CAPITOL ACQUISITION CORP. (“CAPITOL”) INTENDS TO HOLD PRESENTATIONS FOR CERTAIN OF ITS STOCKHOLDERS AND WARRANTHOLDERS, AS WELL AS OTHER PERSONS WHO MIGHT BE INTERESTED IN PURCHASING CAPITOL SECURITIES, REGARDING ITS PROPOSED BUSINESS COMBINATION WITH TWO HARBORS INVESTMENT CORP. (“TWO HARBORS”), AS DESCRIBED IN THIS CURRENT REPORT ON FORM 8-K, AS AMENDED.

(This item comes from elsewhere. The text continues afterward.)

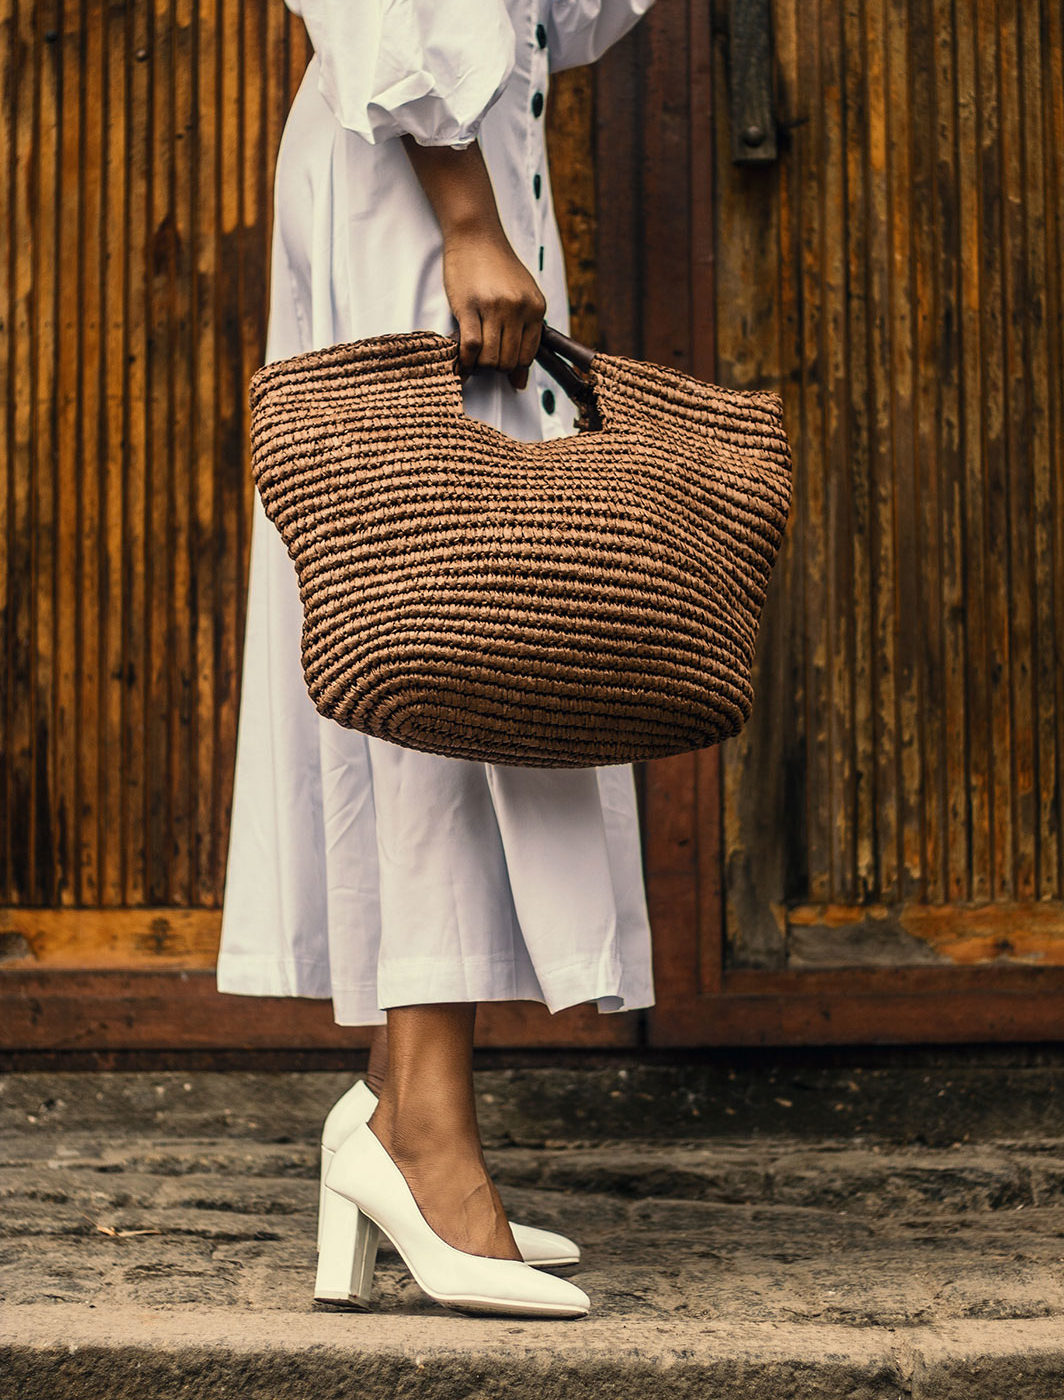 woman-holding-brown-bag-near-brown-wooden-surfac-1942879

CAPITOL HAS FILED A PROXY STATEMENT WITH THE SECURITIES AND EXCHANGE COMMISSION (“SEC”) AND TWO HARBORS HAS FILED A REGISTRATION STATEMENT WITH THE SEC, IN EACH CASE, THAT CONTAINS A PRELIMINARY PROXY STATEMENT/PROSPECTUS, IN CONNECTION WITH THE PROPOSED TRANSACTION. STOCKHOLDERS AND WARRANTHOLDERS OF CAPITOL AND OTHER INTERESTED PERSONS ARE ADVISED TO READ THE PROXY STATEMENT/PROSPECTUS IN CONNECTION WITH CAPITOL’S SOLICITATION OF PROXIES FOR THE SPECIAL MEETINGS BECAUSE THEY CONTAIN IMPORTANT INFORMATION. SUCH PERSONS CAN ALSO READ CAPITOL’S FINAL PROSPECTUS, DATED NOVEMBER 8, 2007, IN CONNECTION WITH CAPITOL’S INITIAL PUBLIC OFFERING (“IPO”) FOR A DESCRIPTION OF THE SECURITY HOLDINGS OF THE CAPITOL OFFICERS AND DIRECTORS AND THEIR RESPECTIVE INTERESTS IN THE SUCCESSFUL CONSUMMATION OF THE PROPOSED TRANSACTION. THE DEFINITIVE PROXY STATEMENT/PROSPECTUS WILL BE MAILED TO CAPITOL STOCKHOLDERS AND WARRANTHOLDERS, AS THE CASE MAY BE, AS OF A RECORD DATE TO BE ESTABLISHED FOR VOTING ON THE PROPOSED TRANSACTION. STOCKHOLDERS AND WARRANTHOLDERS WILL ALSO BE ABLE TO OBTAIN A COPY OF THE DEFINITIVE PROXY STATEMENT/PROSPECTUS, WITHOUT CHARGE, BY DIRECTING A REQUEST TO: CAPITOL ACQUISITION CORP., 509 7TH STREET, N.W., WASHINGTON, D.C. 20004. FREE COPIES OF THESE DOCUMENTS, ONCE AVAILABLE, CAN ALSO BE OBTAINED, WITHOUT CHARGE, AT THE SEC’S INTERNET SITE (HTTP://WWW.SEC.GOV).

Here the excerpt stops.